Amiibo villagers (with 10 villagers) will move into random locations. They are very difficult to move in, with each villager, they will move into either
A) A space you've made, depending on how many spaces you've made avaiable
B) A random location due to the NPC seeing that there are no open spaces for them to move in due to paths***
C) The location of the villager you wanted to move out​**The NPC is quite a struggle, as they view open spaces you've made as blocked by paths, and due to that will move randomly*

Amiibo cards require a lot of trial and error, and if you do not do TT, I highly suggest you do not use Amiibo cards with this trick.

*PWPS*
Not much to be said about PWPs, they work the same as houses and depending on size, you can move villagers pretty close to PWPs (Requires at least two spaces in between), and you can also use them to avoid having villagers move into 3x3 spaces.

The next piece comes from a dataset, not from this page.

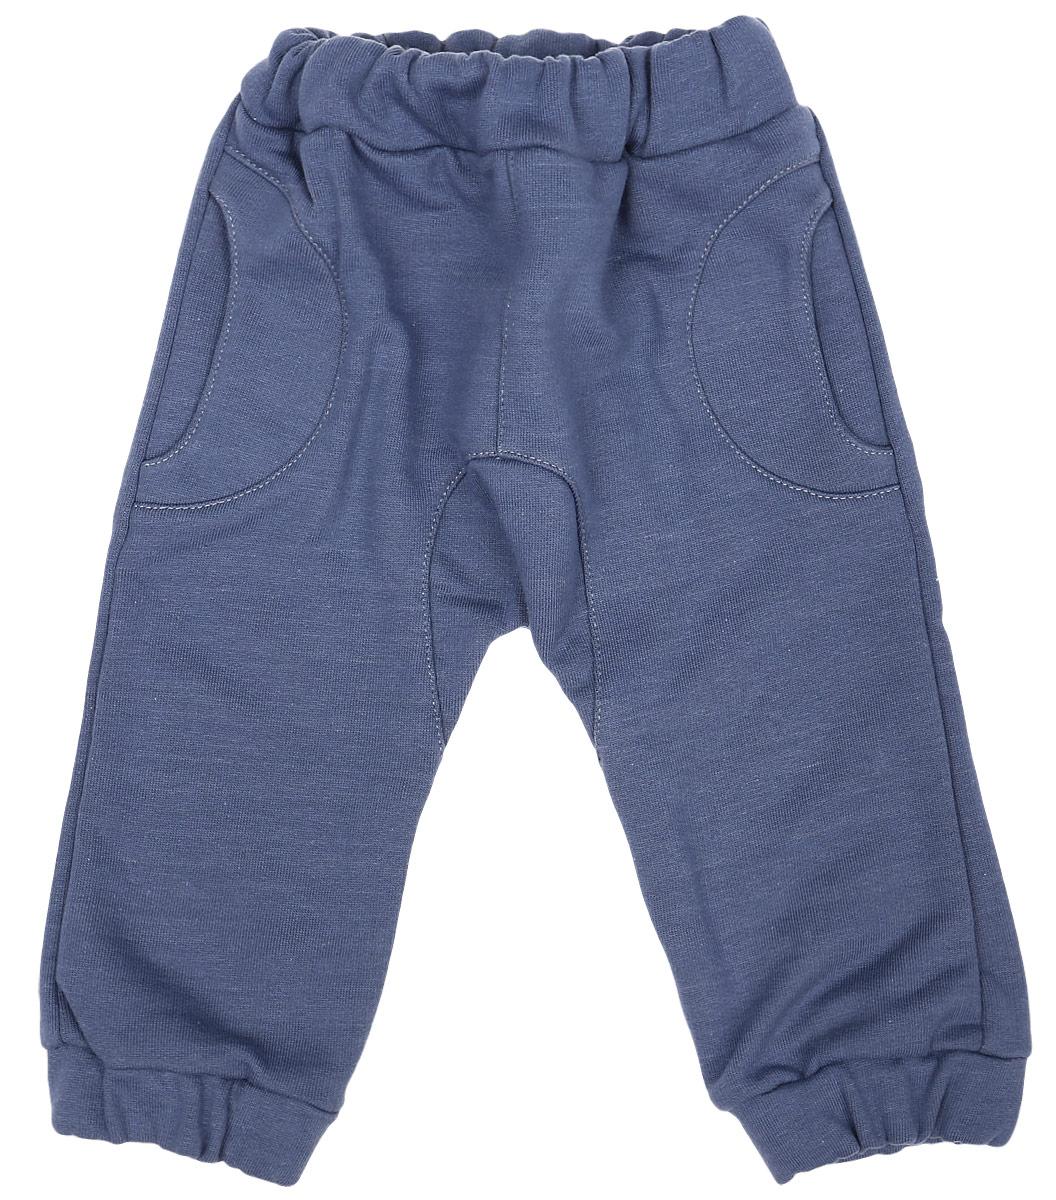 Штанишки для мальчика Клякса, цвет: серо-синий. 22-. Размер 6222-Штанишки для мальчика Клякса изготовлены из натурального хлопка. Изнаночная сторона модели с небольшими петельками. Штанишки имеют эластичный пояс. Низ брючин собран на резинки. Спереди расположены два втачных кармашка.

*VILLAGER HOUSING ARRANGEMENTS* 
The whole point of this guide is to have villagers move in where you want them to, and by that, you can create really nice and even places for your villagers to move in!

So, let's take our house, 
XXXXX
XHHHX
XHHHX
XHHHX
XXDXX
XXXXX
Now, let's say we wanted our villagers to move into a row of four, so... taking that house, we'll just add three more!
XXXXXXXXXXXXXXXXXXXX
XHHHXXHHHXXHHHXXHHHX
XHHHXXHHHXXHHHXXHHHX
XHHHXXHHHXXHHHXXHHHX
XXDXXXXDXXXXDXXXXDXX
XXXXXXXXXXXXXXXXXXXX
As you can see above, there are exactly TWO spaces in between each house, and that is because, as each house on it's own is 3x3, it needs at least ONE space surrounding the 3x3 space.

Here's an in game example!


The same could be down with the houses being moved in vertically.
XXXXX
XHHHX
XHHHX
XHHHX
XXDXX
XXXXX
XXXXX
XHHHX
XHHHX
XHHHX
XXDXX

Rather than two spaces horizontally, it's just vertical! 


*Thank you for reading! If you have any questions/concerns, please don't be afraid to notify me!
I'll be happy to help.

I'll update this guide if any new information may come forth!*​


----------



## Soraru (May 26, 2017)

thank you for this guide! when i reset in a few days, this will be very helpful!


----------



## ZeFeZ (May 26, 2017)

Great guide! Very well explained.


----------



## milesupshur (May 29, 2017)

--


----------



## CrankyNeighbor (May 29, 2017)

Amazing guide!


----------



## milesupshur (May 30, 2017)

--


----------



## ashubii (May 30, 2017)

> OTHER REQUIREMENTS
> - All spaces surronding said 5x5/3x3 area MUST be covered in paths in other to make the villager move into that area
> YOU MUST COVER ANY 3x3 SPACES, VILLAGERS WILL MOVE INTO THOSE SPACES REGARDLESS.
> TIP: Placing paths in diagonals make it easier, also making the paths grass based also helps with aesthetics.



I'm not sure I understand this correctly, but I'm likely just misreading or something. I didn't think Villagers regarded paths in any way, since they sometimes plop down right on top of them? Or am I confusing your meaning of paths? I've always had trouble plot resetting, so I'm really hoping to understand this method properly~!


----------



## milesupshur (May 30, 2017)

ashubii said:


> I'm not sure I understand this correctly, but I'm likely just misreading or something. I didn't think Villagers regarded paths in any way, since they sometimes plop down right on top of them? Or am I confusing your meaning of paths? I've always had trouble plot resetting, so I'm really hoping to understand this method properly~!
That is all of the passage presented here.